Es una clara tarde tres días antes de Navidad, Sam Smith atrae miradas en el sofisticado vecindario de Knightsbridge, en Londres. Camina unos cuantos pasos detrás de su guardaespaldas, mientras se dirigen a la pintoresca calle Motcomb. “Esta es la calle de mis sueños”, dice Smith. “Esas casas son increíbles, todo está limpio, muy al estilo Dickens. Tal vez me alcance para comprar una con el cuarto álbum”.

Esta es una de las pocas veces que Smith, de 22 años, ha caminado por Londres desde que se convirtió en una de las más grandes estrellas pop en el mundo. “Hace tres meses podía caminar por aquí sin problema”, comenta. Se detiene en la esquina de Harrods, la lujosa tienda departamental a la que ha ido desde que era niño. El exterior brilla, cubierto con luces de Navidad y decoraciones extravagantes en los escaparates. “¿No es increíble?”, pregunta mientras lo observa detenidamente por un momento. “¡No tan increíble como tu voz!”, interrumpe un hombre que ha estado escuchando la conversación. Smith ríe mientras cruzamos la calle, el hombre agrega: “¡Escuché que estás sacando a Adele del negocio!”.

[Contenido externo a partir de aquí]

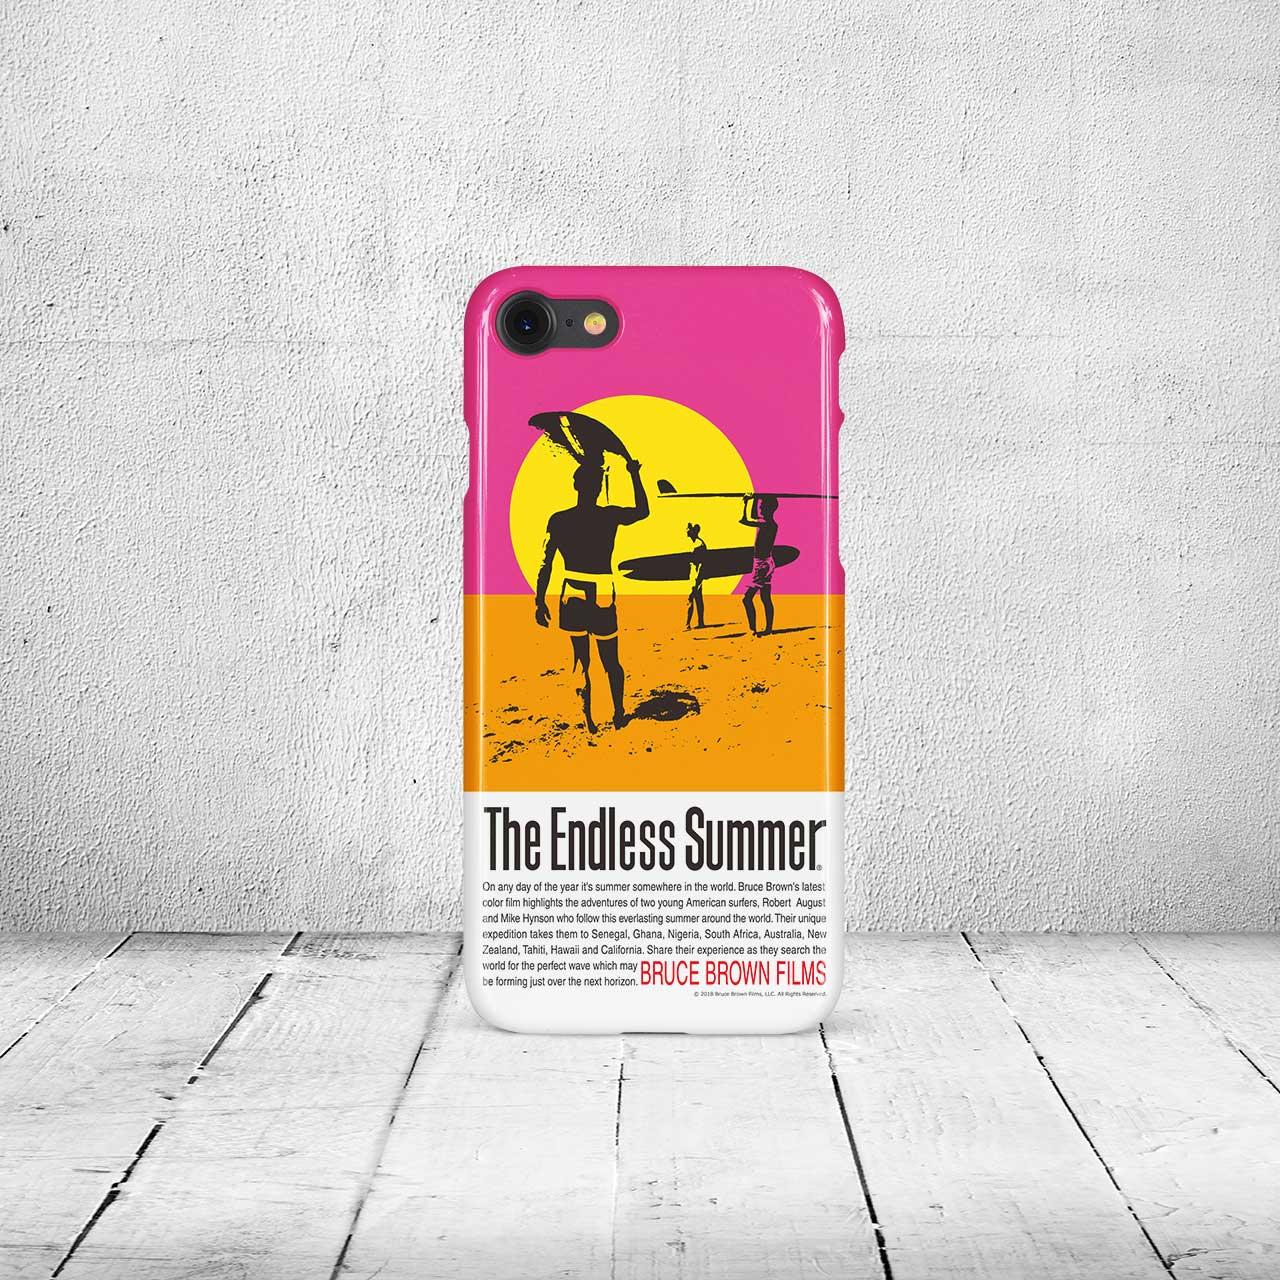 【ブルース・ブラウンフィルム】iPhone7 & 8ケース・The Endless Summer (エンドレスサマー)・オリジナル

Comienza a caminar más rápido, dejando escapar una risa nerviosa: “¿Escuchaste lo que dijo?”. Desde que debutó el año pasado con “Stay With Me”, ha sido etiquetado como la versión masculina de Adele. Es fácil ver por qué: Ambos son ingleses con grandes voces, cantan sobre el desamor y no se ven como si hubieran sido fabricados en un laboratorio de Disney. Smith dice que Adele “es mi Michael Jackson” –ha sido su fan desde que tenía 16–, pero aclara: “Somos muy diferentes, y siento que las constantes comparaciones podrían hacerla enojar”. Agrega: “Me molesta que la gente no pueda asimilar a dos estrellas de pop cantando canciones íntimas y que no lucen como estrellas pop promedio”.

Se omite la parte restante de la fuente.